My father-in-law is a quiet man, and for the time I’ve known him, he has never taken up the center of attention; even when it’s his birthday, which falls on Christmas, and we push the holiday back so we can celebrate him, he still manages to stay on the periphery.

He loves pie, specifically pie with ice cream, though he’s been known to add milk to a bowl with pie and call it breakfast. When he has coffee, it’s always just half a cup, but he will upend the sugar jar 180º for a solid three seconds which causes me enough discomfort to jokingly say, “Want any coffee with that sugar?”

He is the youngest of twelve siblings, and now he is the only remaining sibling. We know snippets of his story, growing up in the Depression era in a town that is only fifteen minutes from where he raised his own family. By the time we thought to record his story using one of those companies with question prompts, we may have already started losing him.

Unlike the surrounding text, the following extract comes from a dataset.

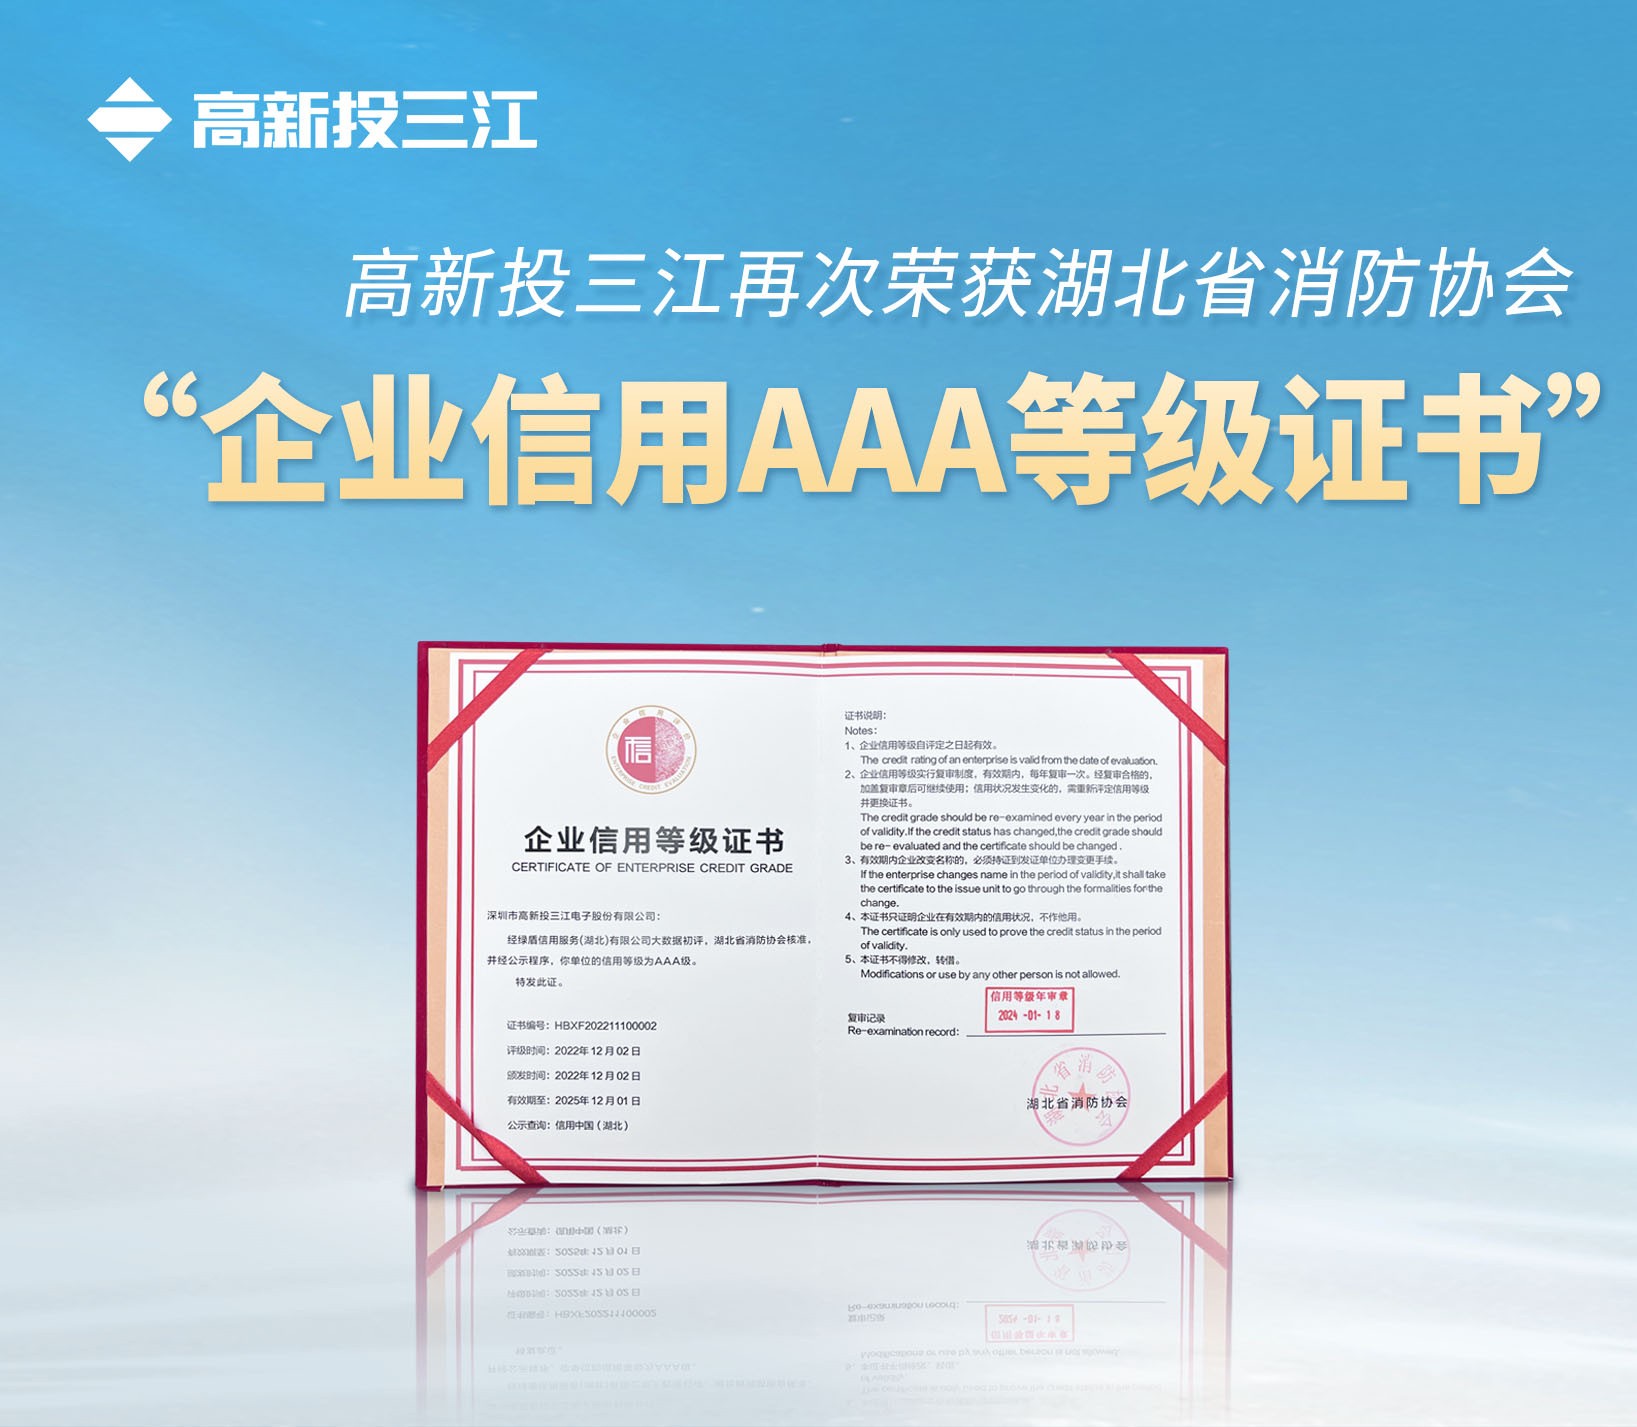 管家婆独家资料大全再次荣获湖北省消防协会 “企业信用AAA等级证书”

He has the most perfect penmanship I’ve ever seen, and only ever writes in lead pencil and with his left hand. When I sent him the first round of questions which involved prompts like, “How did you celebrate your 21st birthday?” or “What is one of the most expensive things that you’ve ever bought?” he sent the question page back with his answers penciled in underneath certain questions. They were succinct and said things like, “I don’t know,” and “A watch.” When I tried to clarify that he only needed to answer a few questions with a bit more detail, he sent the same page back, photocopied with his previous answers in pencil. When he sent me the same page again unprompted, we knew that this was no longer a funny coincidence.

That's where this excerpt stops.